Reputation: 11
here is the context : I am trying to retrieve several dates on a website, and get them in a "doubled list" like this :
[[day1start,month1start,year1start,day1end,month1end,year1end], [day2,month2,year2, None, None, None]]
Note : in the second date, the date to be retrieve is only one day.
So the dates are organized in the HTML Code as follow :
<div class= "eventDate">
<div class="date">
13-Sep-2014
- 14-Sep-2014
</div>
<div class="date">
05-Jul-2014
</div>
<div class="date">
09-Aug-2014
</div></div>
So here I would like to use XPATH and REGEX to get exactly as following :
[
["13", "Sep", "2014", "14", "Sep", "2014"],
["05", "Jul", "2014", , , ],
["09", "Aug", "2014", , , ]
]
So I am using this Xpath to get what I want :
dates = response.xpath('//div[@class="eventDate"]/div[@class="date"]/p[1]/text()')

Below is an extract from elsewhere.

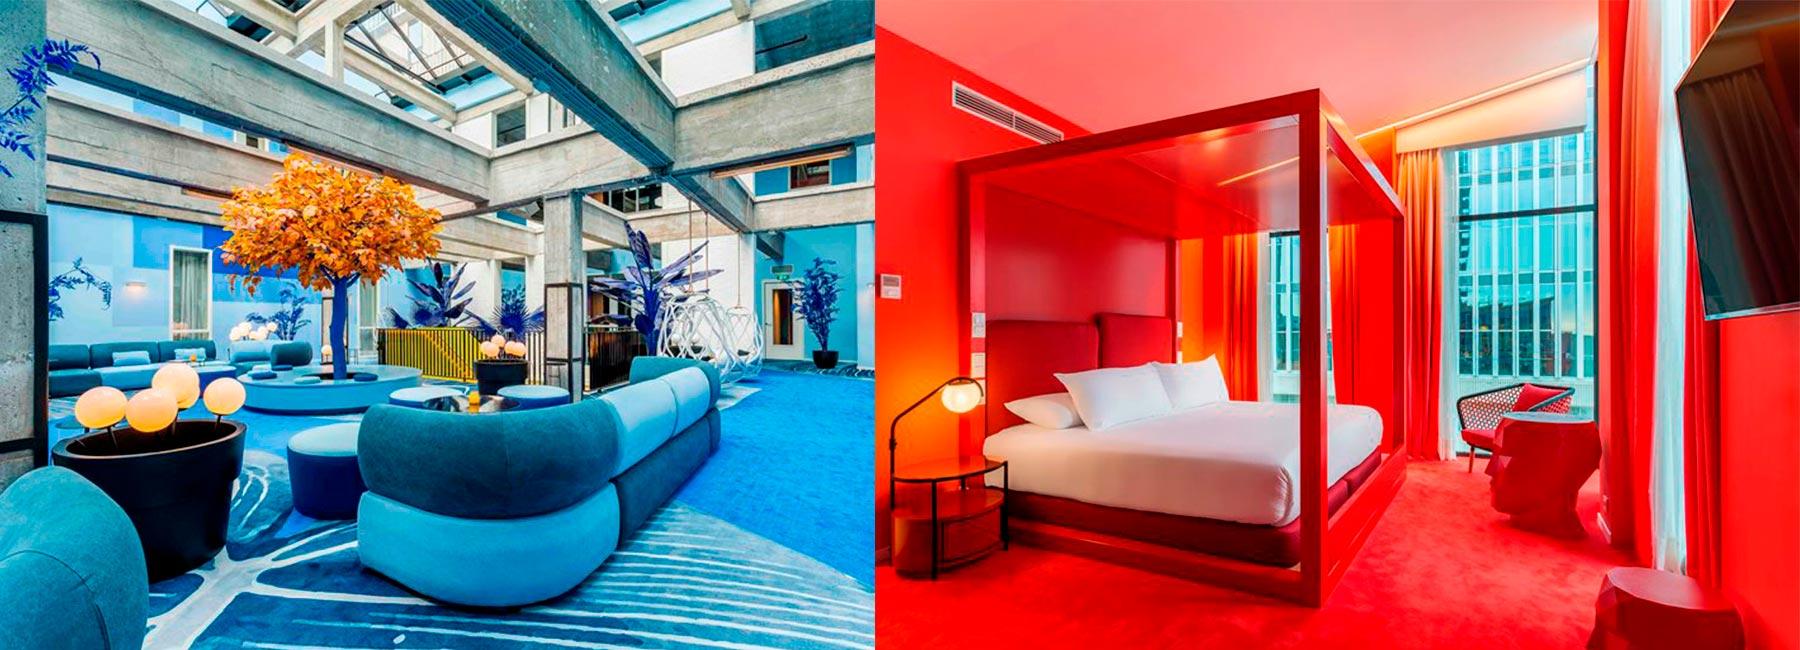 Отель Room Mate Bruno по проекту Teresa Sapey Studio, Роттердам, Нидерланды

it returns me the following when I "print dates" :
[<Selector xpath='//div[@class="eventDate"]/div[@class="date"]/p[1]/text()' data=u'\n\t\t\t13-Sep-2014\n\t\t\t\t- 13-Sep-2014\n\t\t'>, <Selector xpath='//div[@class="eventDate"]/div[@class="date"]/p[1]/text()' data=u'\n\t\t\t05-Jul-2014\n\t\t'>, <Selector xpath='//div[@class="eventDate"]/div[@class="date"]/p[1]/text()' data=u'\n\t\t\t09-Aug-2014\n\t\t'>]
So I am using THIS REGEX, that IS PERFECTLY working on Rubular, Pythex AND Pythonregex.com !!!!
(\d{2})-(\w{3})-(\d{4})(?:.*?-.*?(\d{2})-(\w{3})-(\d{4}))?
I noticed the problem came from the ".*" which were not taking into account the "\n"
So I changed it to :
(\d{2})-(\w{3})-(\d{4})(?:[\s\S]*?-[\s\S]*?(\d{2})-(\w{3})-(\d{4}))?`
Which give the final code :
dates = response.xpath('//div[@class="eventDate"]/div[@class="date"]/p[1]/text()').re("(\d{2})-(\w{3})-(\d{4})(?:[\s\S]*?-[\s\S]*?(\d{2})-(\w{3})-(\d{4}))?")
My problem : I get the following table which is not what I want :
[u'13', u'Sep', u'2014', u'13', u'Sep', u'2014', u'05', u'Jul', u'2014', u'', u'', u'', u'09', u'Aug', u'2014', u'', u'', u'']
Pb is it is in a simple table.. I need it in a double. And it is perfectly workinf on Rubular, Pythex and Pythonregex ! Just not in Scrapy...
1/ Please Help !!!
Also I have sides questions : 2/ How to make the dot match newlines also in Scrapy ? 3/ I noticed that the regex in Scrapy was Non Greedy by default... Is that true and why ?
Upvotes: 1
Views: 947
Reputation: 67968
See here http://regex101.com/r/lS5tT3/77
Your regex is working fine.You need to set s
flag or re.DOTALL
to capture \n
.
Upvotes: 1